Часть 34 из 49 В начало
Для доступа к библиотеке пройдите авторизацию
Нине такие слова не понравились:
– Ну уж бросьте! Царица? У нее был крутой лоб, как у барашка, и пальцы коротенькие – фи! Дворняжка, а прикидывалась графиней! В женщине главное порода. Вот у вас порода бросается в глаза. Или посмотрите, какое у меня узкое запястье. Видите? И щиколотка, как положено, в три раза тоньше икры. А Пшежецкая… Распущенность во всем, включая отсутствие корсета, и больше ничего. Хотя у нас в полку многие мужчины по ней с ума сходили и до сих пор не могут успокоиться.
– Неужели? Кто же?
– Известно кто: Кока Леницкий первый. Он даже стреляться хотел. А Матлыгин… Да ну его!
– Что Матлыгин? Тоже думает стреляться? – заинтересовалась Лиза. Она сразу вспомнила свой разговор с Кашей про завоевателей Америки.
– Матлыгин не разговаривает ни с кем и собирается куда-то в Гоби. Он тоскует. Говорят, он одно время тоже жил с Пшежецкой, но она его бросила – он беден. Зато они – курам на смех! – остались друзьями. Публичная женщина и дикий монгол, лишенный и тени элегантности. Два сапога пара! А вы верите в дружбу мужчины и женщины?
Лиза отмахнулась от такой серьезной темы:
– Пойдемте лучше послушаем – кажется, Субботина петь собирается.
– Субботина? С ее вечным насморком?
Хорошо слушать и насморк: в это время не надо самой говорить и улыбаться. Можно даже смотреть преспокойно в окно, и никто не подумает, что тебе надоели гости – просто твоя душа унеслась вслед за звуками рояля. Очень приличная выходит картина: невеста грезит о будущем блаженстве.

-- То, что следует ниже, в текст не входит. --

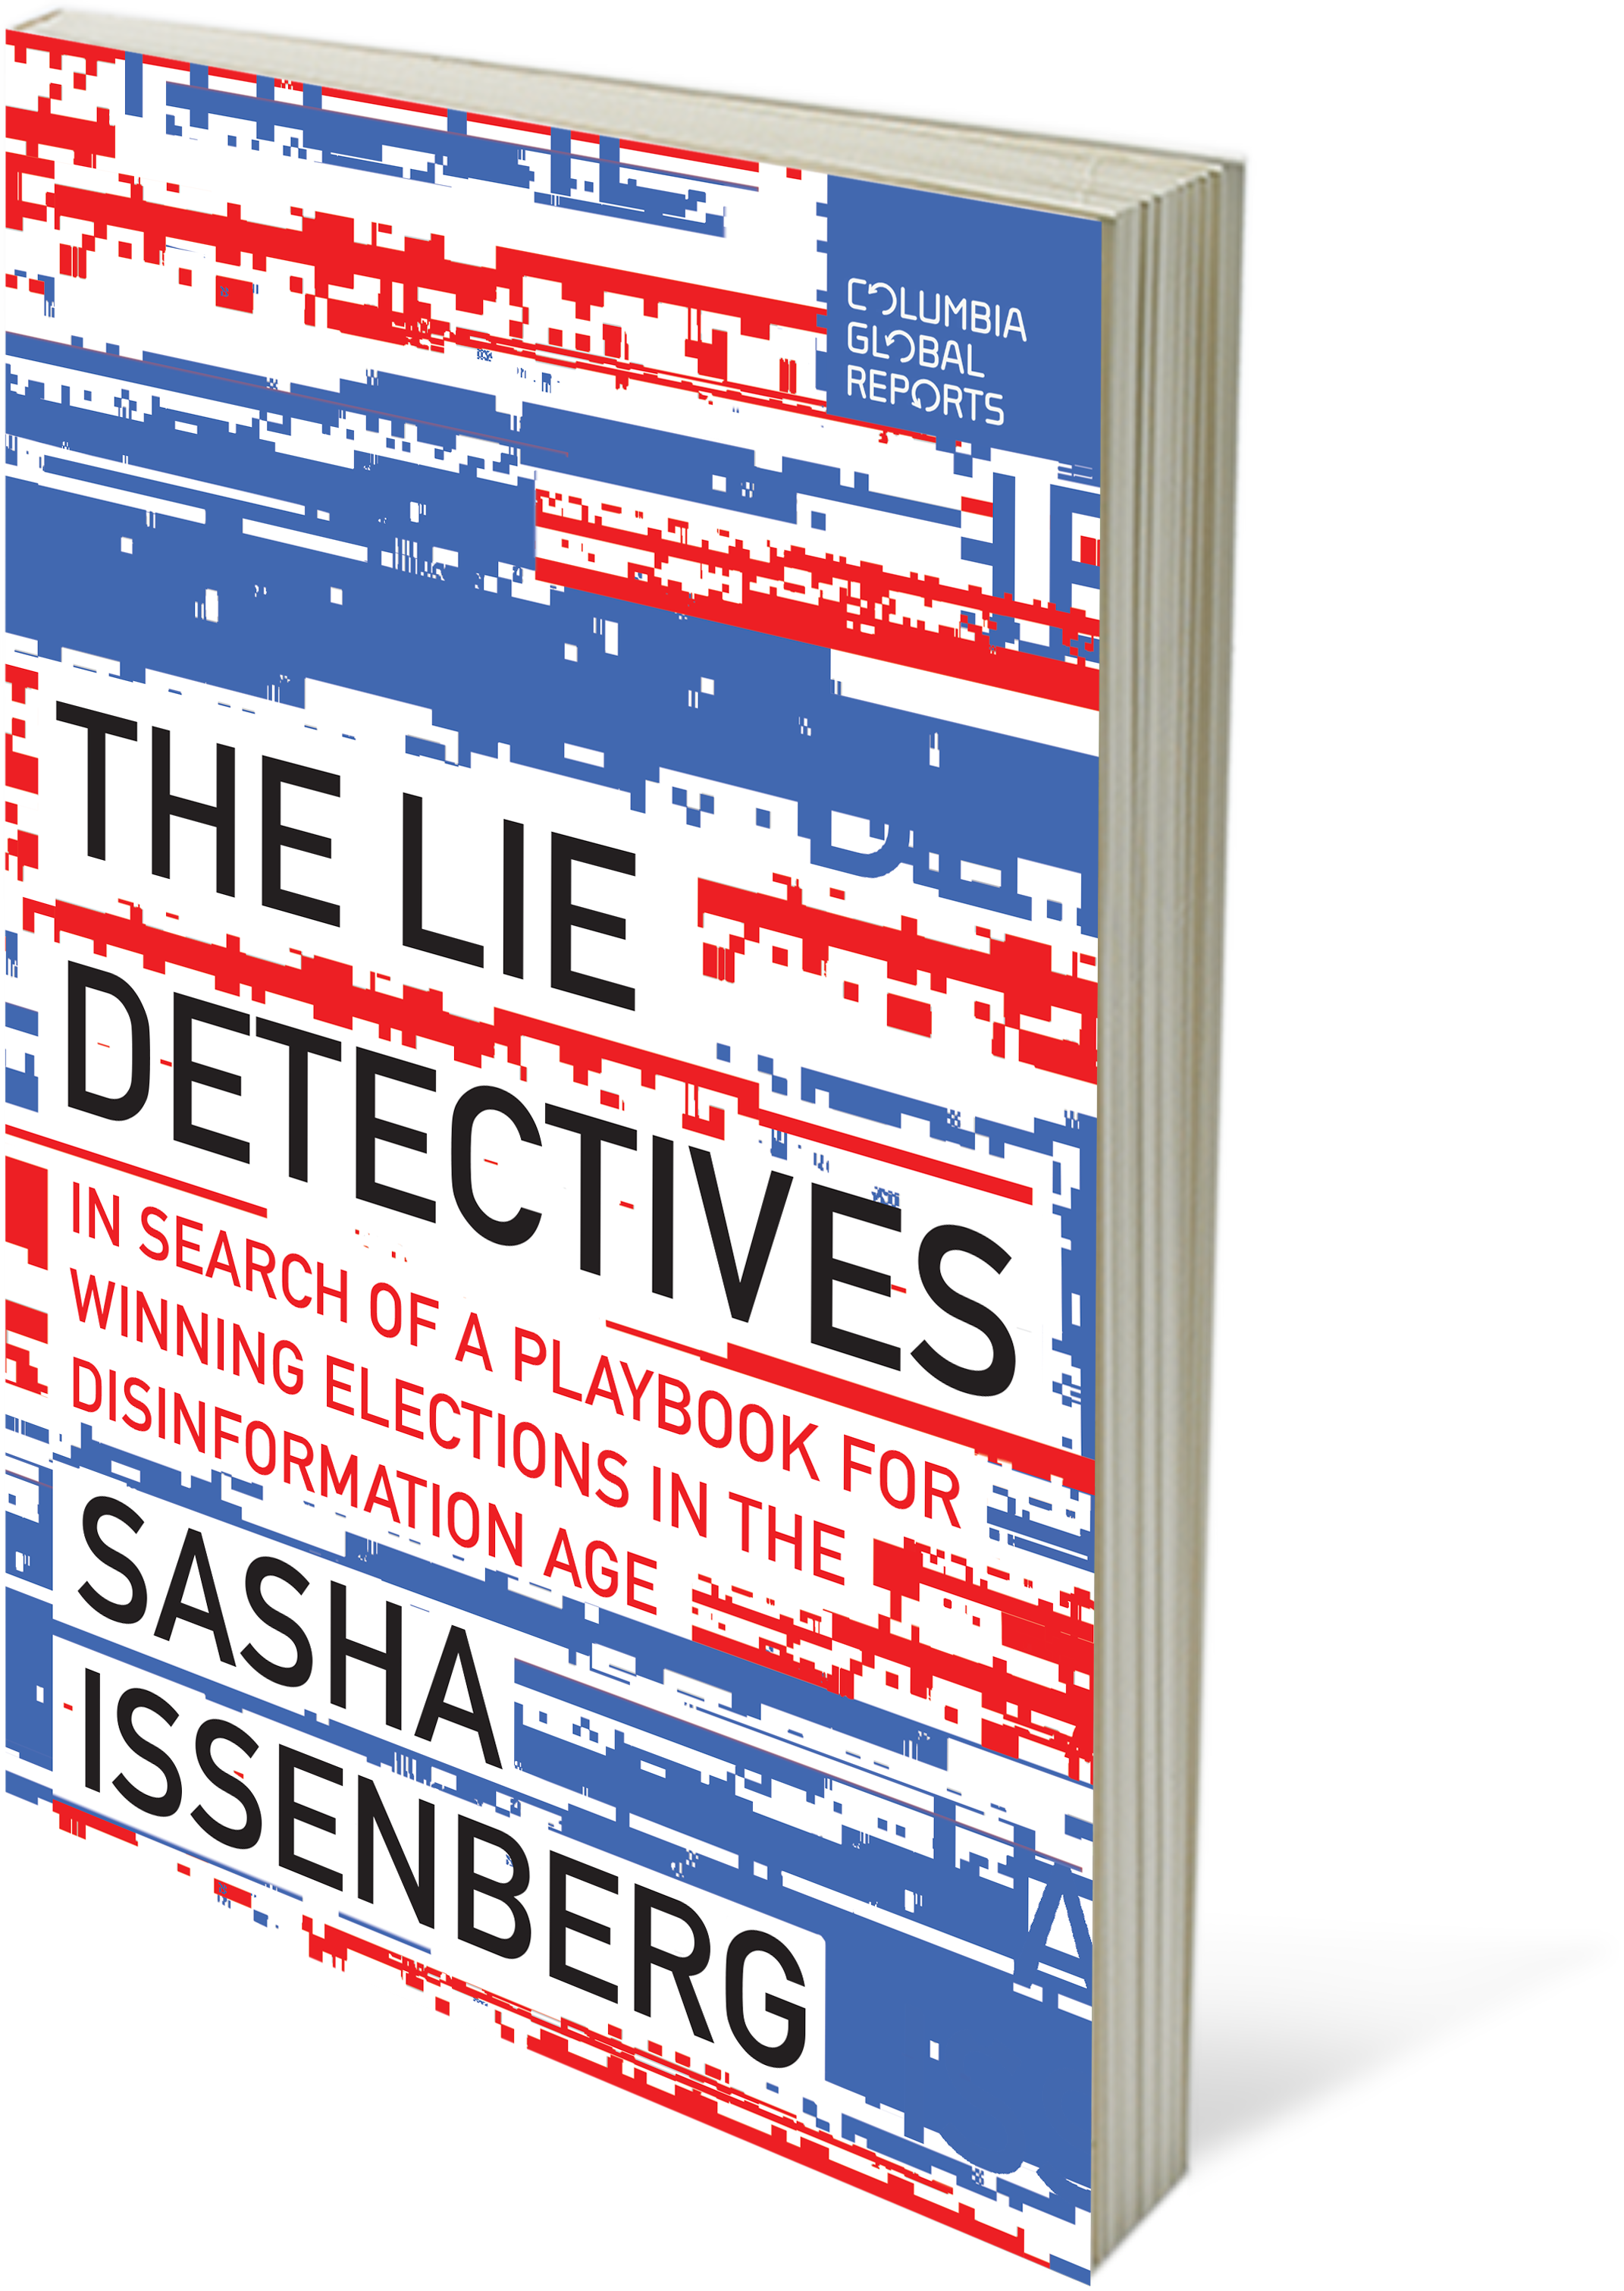 The Lie Detectives

В ожидании этого блаженства Лиза давно собрала узелок: белье, два старых платья, которые Игнатий Феликсович велел выбросить в тряпки, чулки, гимназические еще ботики и шерстяной платок.
– Плохое ты задумала, – отрезала няня Артемьевна, у которой Лиза собралась схоронить узелок. – Кончилась твоя воля! Жена себя честно держать должна.
– Я еще ничья не жена, – напомнила Лиза.
– А все одно – сговорена. И отказать не можешь. Терпи теперь! Девка гулят, баба терпит. Забирай от меня свою ветошь и не дури.
– Я люблю другого.
– А кто тебя спрашиват-то? Ты теперь жениха держись. Он мушшина справный, в самой силе, шшоки красные. Девка бабьего счастья не понимат, ишшо глупая. Распробуешь скоро!
Лиза в ответ расплакалась. Даже няня против нее! Что теперь делать? Главное, Ваня все знает – нарассказали ему с три короба. Он может видеть, какая она теперь нарядная, как ездит в пролетке с женихом и скупает брошки да шляпки.
«Он убит», – сказала Мурочка через забор, когда Лиза вырвалась на минутку в сад. Как славно было снова видеть знакомую вязаную шляпку и черносмородинные бойкие глаза!
– Мурочка! Разве вас с Володькой еще не отправили к крестной в Ушуйск? – удивилась Лиза.
– На будущей неделе едем, кажется. А ты куда пропала? Тебя что, из дому совсем не пускают?
Через минуту разговора они все друг про друга расспросили, и Мурочка сказала, что Ваня знает, что он убит, и потому нельзя его больше увидеть ни на Почтовой, ни в копытинском саду. А ведь Лиза последнее время только и делала, что всюду искала глазами знакомую косоворотку, знакомую голову, выбеленную солнцем, знакомые серые глаза в пестрых ресницах. Но нигде, нигде, нигде их не было!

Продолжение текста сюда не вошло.